Они подошли к месту, где река делала излучину и первая линия австрийских окопов вклинивалась в расположение русских войск. Маркович остановился. Все подошли к нему вплотную. Сергей чувствовал запах хлеба и махорки, тепло чужого дыхания веяло ему в лицо. Маркович тихо, едва слышно сказал:
— Пахарь и Кравченко, вы здесь попробуйте перейти, а вы, ребята, пятнадцать саженей пройдите и щупайте, а я один дальше пойду...
Пахарь проговорил, как бы уславливаясь о правилах игры:
— Смотри, ребята, если тонуть придется — на тихаря, без крику.
Маркович обнял Сергея за шею и шепнул ему в ухо:
— Держись Пахаря. Сам вперед не ходи.
«Да я ничего не боюсь», — хотел сказать Сергей, но промолчал и погладил Марковича по руке.
Они остались вдвоем.
— Сапоги снимать? — спросил Сергей.
— Ладно, только покрепче приспособь их, а то после не найдешь.

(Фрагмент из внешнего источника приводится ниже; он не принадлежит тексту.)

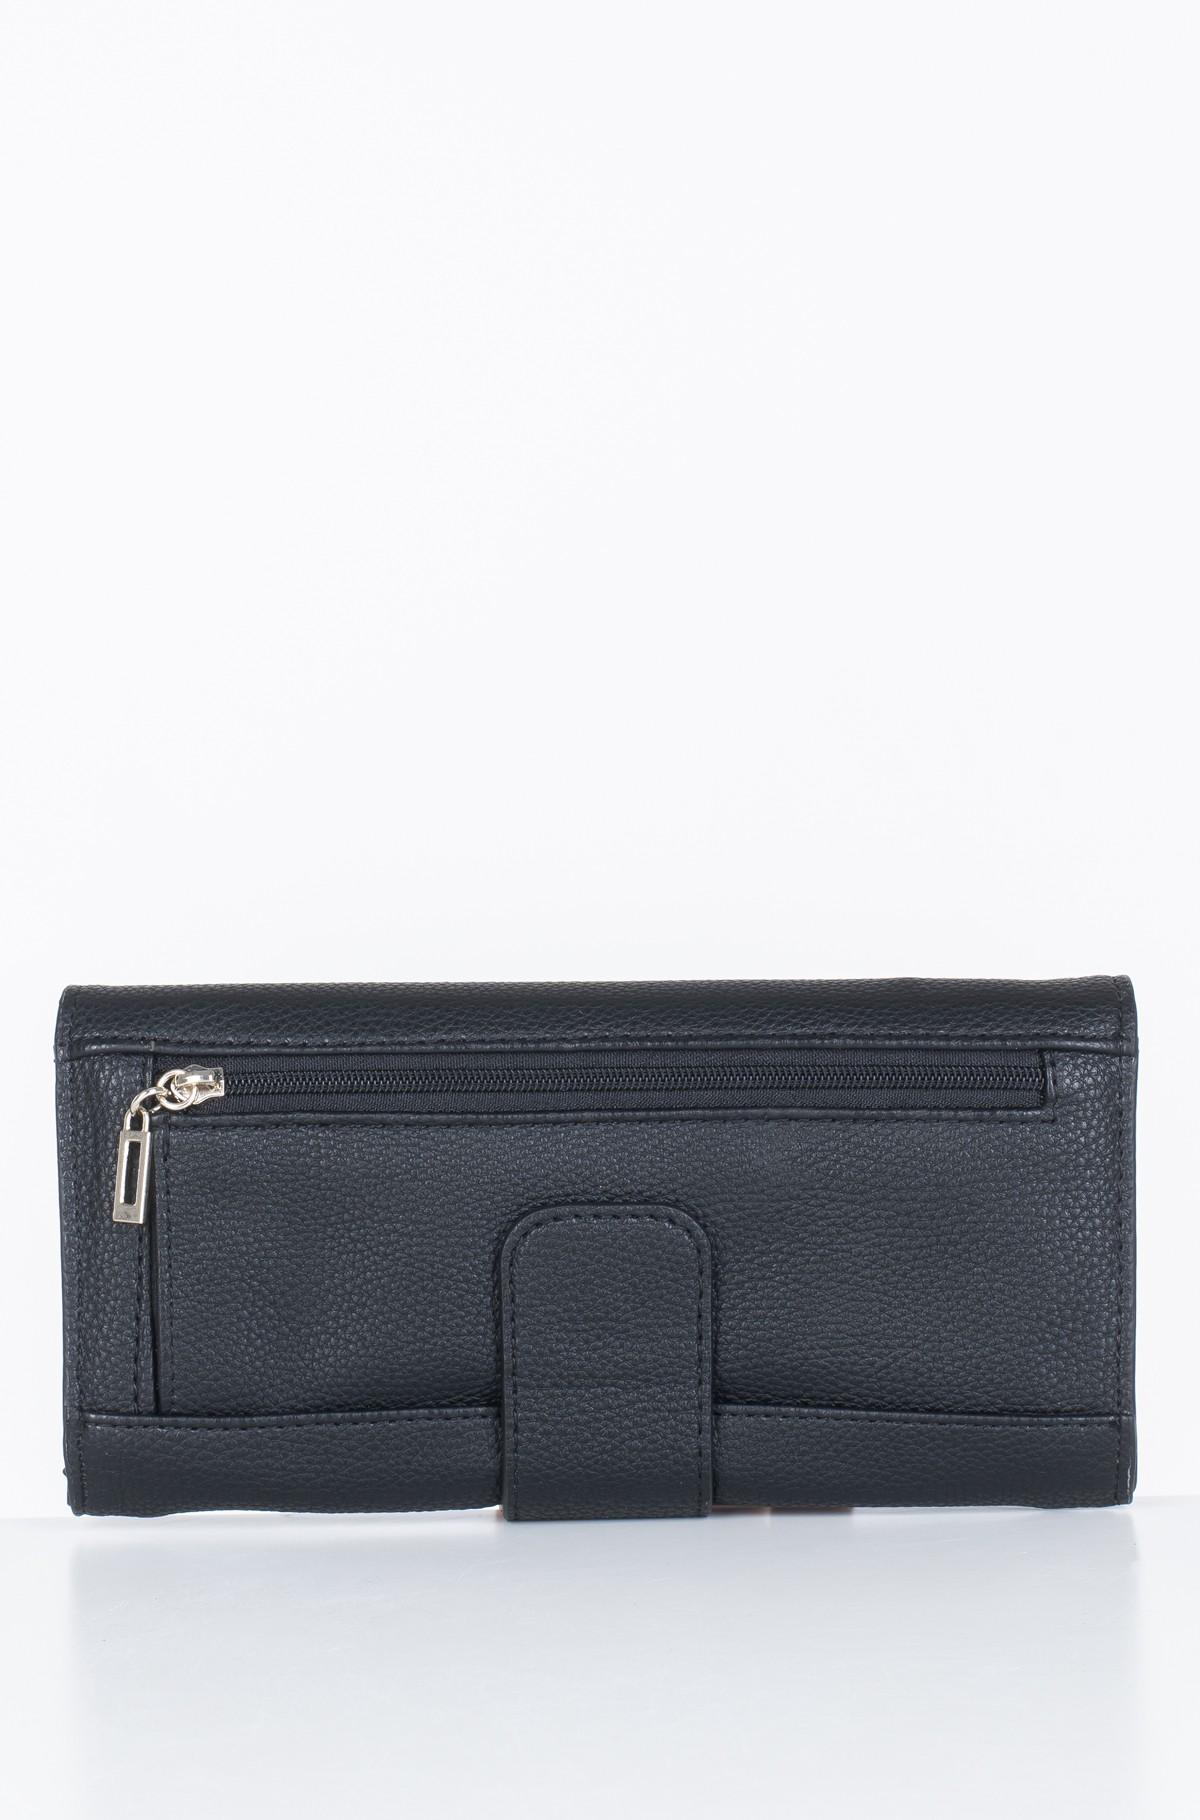 Wallet SWVG75 83590-full-2
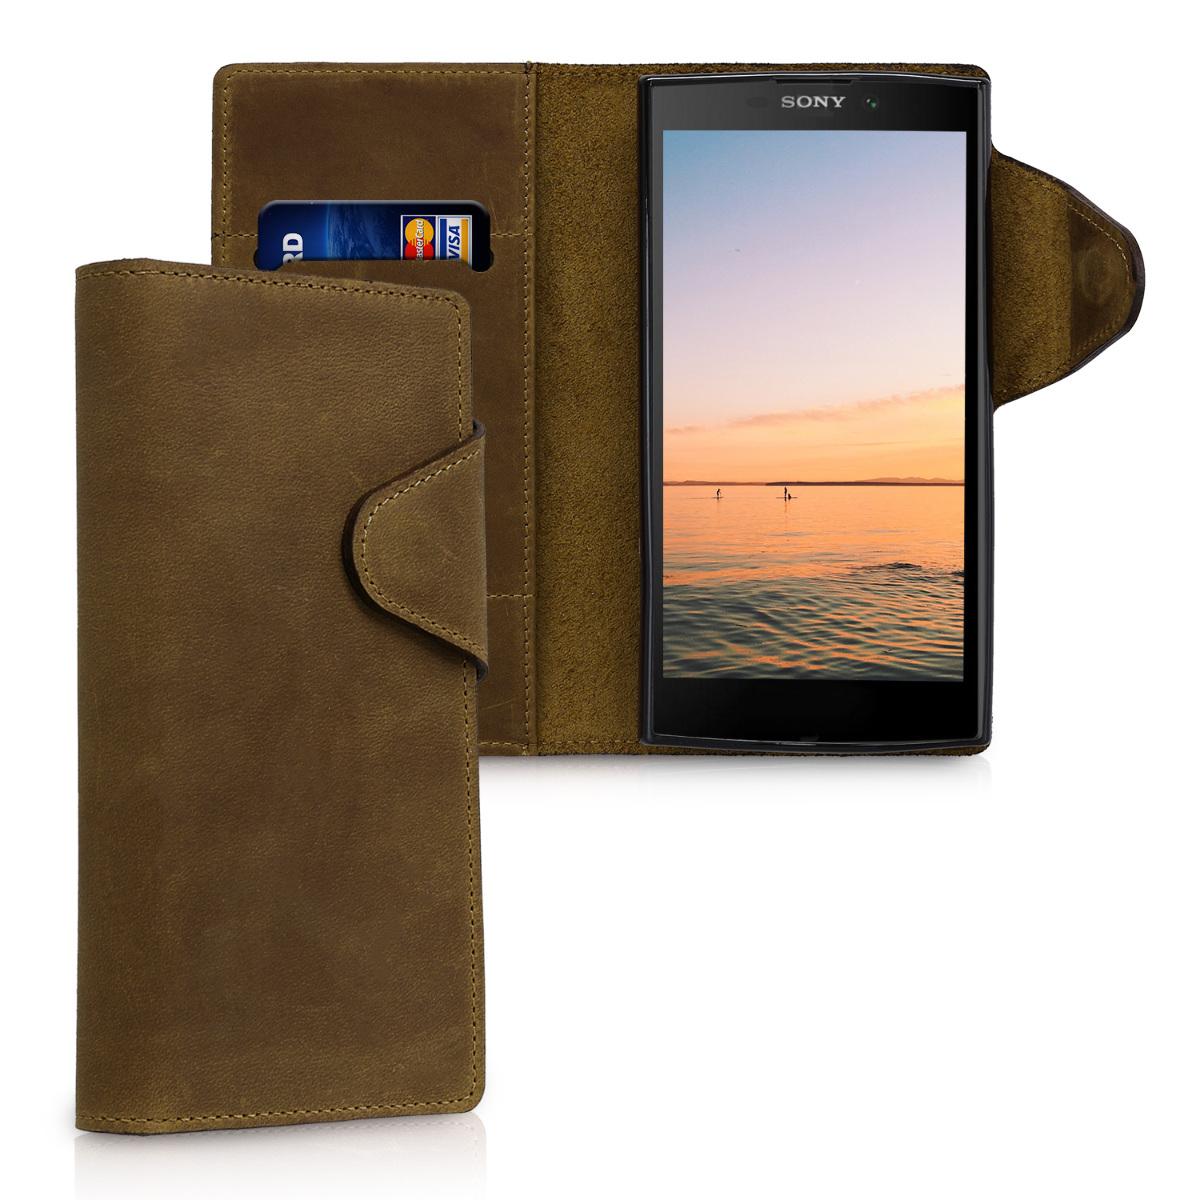 Kalibri Δερμάτινη Suede Θήκη - Πορτοφόλι Sony Xperia L2 - Brown (44759.05)

Несколько мгновений слышалось тихое сопение — они разувались.
— Ну что, полезли?
Берег был невысокий, но крутой и скользкий. Как ножом ударило — ноябрьская вода коснулась голой, разогревшейся в сапоге ступни. Сердце заболело. Ужасное чувство, взвыть хотелось, когда вода струйками заливалась в штаны. А страшно не было. Сделали несколько шагов, бедра стянуло железным поясом. Пахарь брел впереди, осторожно расталкивая воду. Берег исчез. Сергей подумал, что, не будь Пахаря, он бы сразу потерял направление и бродил бы по реке параллельно берегу. Дно было отвратительное, холодное, липкое, затягивающее. Не было конца пути. Справа раздался всплеск. Пахарь очень тихо выругался. Сергею казалось, что он вмерз по пояс в лед. «До весны так и простою». Он лязгнул зубами так громко, что, вероятно, австрийские часовые насторожились... Шумные обильные капли падали на воду — очевидно, дно начало повышаться. Наконец они увидели берег, — он едва отличался от воды; так отличаются вечером темно-синие чернила от черных.
На берегу они присели, чтобы вода бесшумней стекла с них.
— Есть, значит, брод. Теперь скорей назад! — проговорил Сергей.
Пахарь минуту помолчал.
— Знаешь что: ты подожди меня, я дальше проберусь, — сказал он.
Сергей сказал:
— Вместе, нет уж, вместе...
Они полезли в сторону австрийских окопов. Здесь, на чужом берегу, чувство силы не покинуло его, а возросло еще больше. Они уже сделали то, что требовалось от них, и теперь, решительные, действующие, когда десятки тысяч спали, ползли к австрийским окопам.
Страшное волнение росло. Внутри у Сергея все трепетало. Это был удивительный миг: с остановившимся дыханием он увидел, как Пахарь подполз к самому австрийскому окопу, приподнялся и заглянул.
Ночное небо, казалось, тихо ахнуло, потрясенное дерзостью солдат.
Сергей приподнялся на руках. Пахарь повернулся к нему, лицо его было в нескольких вершках от лица Сергея.
— Пусто, ушел австриец, — сказал он и захихикал тоненьким, детским голоском.
Их давно уже ждали на правом берегу. Они шли обратно, стуча зубами. Задыхаясь от волнения, рассказывали, как прошли к австрийским окопам.
— Ни души! Понимаешь, ни души! — говорил Сергей. — Мы глазам своим не верили. Они днем постреливают оттуда для виду, а, видимо, давно уже бросили и решили отойти.
— Ах ты сволочь какая! — сказал Маркович.
— Кто?
— Пахарь — кто же? — сказал Маркович. — А я не нашел брода и плыть не стал.
Сергей лихорадочно быстро говорил ему:
— Я уж ночь эту не забуду. И все солдат! Ты подумай: там, из штаба, кто-то дал приказ полковнику, тот Исаеву, Исаев ротному, а выполняет — солдат, вот кто. Солдат! Я, брат, это понял, когда мы к окопам ползли. Солдат! Это не шутка.
— Как сказать! — недовольно возразил Маркович.— Не отдай вам Аверин приказа и не укажи я вам, где перейти реку, никуда бы вы не ходили, а лежали бы в окопах и чесали то, что полагается.
На рассвете второй взвод по приказу Исаева переправился через реку и занял покинутые австрийцами окопы.